Scar-Driven Shape-Changes of Virus Capsids

TL;DR

This paper explores how scar patterns, predicted by the Thomson problem and observed in spherical crystals, could influence virus capsid shape changes through energy transformations, offering a new perspective on capsid morphology evolution.

Contribution

It introduces the idea that scar formations on virus capsids could drive shape changes, extending classical models with a new energy-based mechanism.

Findings

Scars are predicted and observed in spherical structures.

Energy release from scars could facilitate capsid shape transformations.
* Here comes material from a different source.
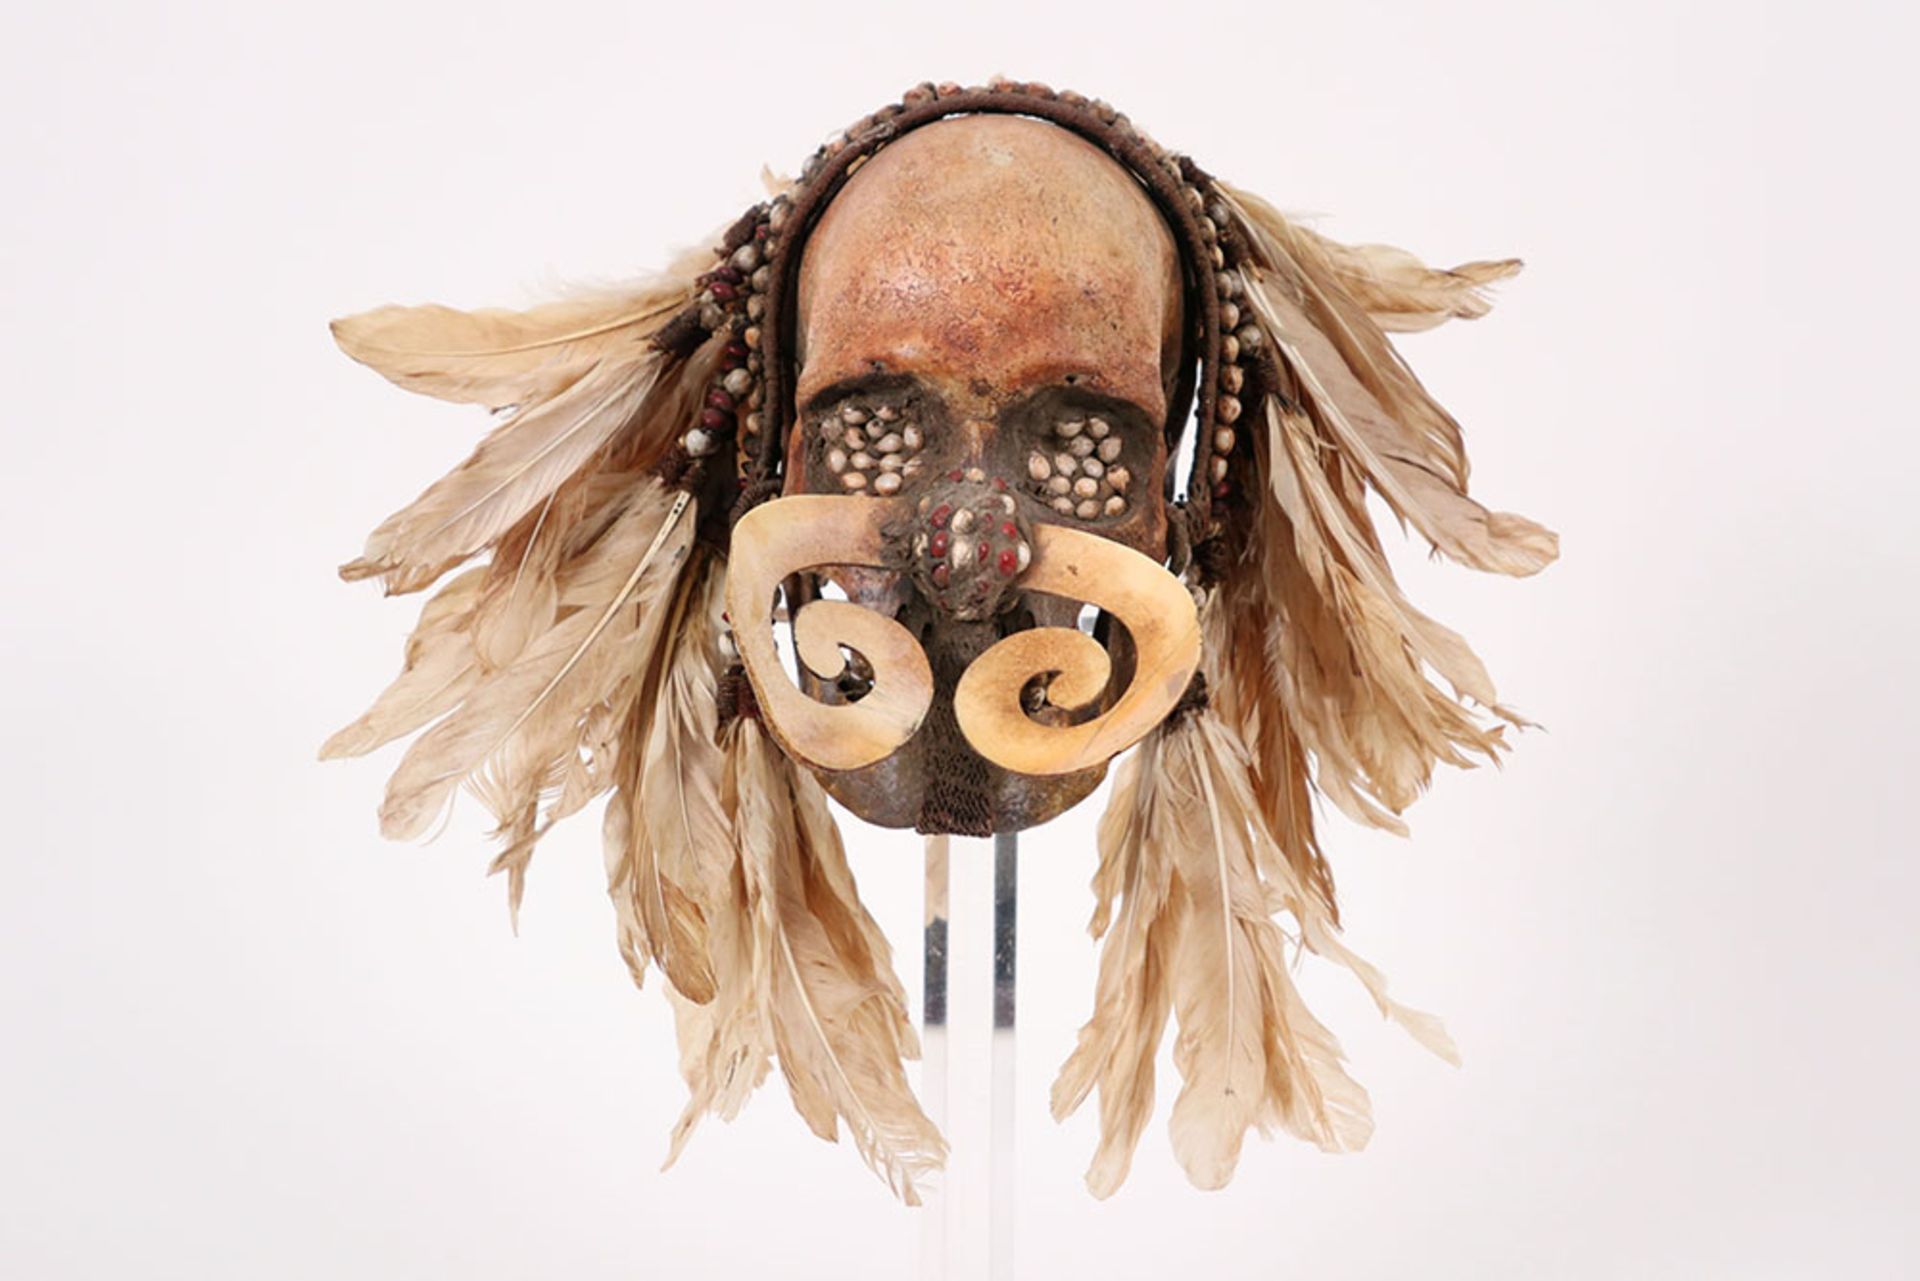 beautiful old Papua New Guinean "Asmat" sculpture with a skull with typical nose ornament, with

The hypothesis can be tested through experiments and simulations.

Abstract

We propose that certain patterns (scars) -- theoretically and numerically predicted to be formed by electrons arranged on a sphere to minimize the repulsive Coulomb potential (the Thomson problem) and experimentally found in spherical crystals formed by self-assembled polystyrene beads (an instance of the {\it generalized} Thomson problem) -- could be relevant to extend the classic Caspar and Klug construction for icosahedrally-shaped virus capsids. The main idea is that scars could be produced on the capsid at an intermediate stage of its evolution and the release of the bending energy present in scars into stretching energy could allow for shape-changes. The conjecture can be tested in experiments and/or in numerical simulations.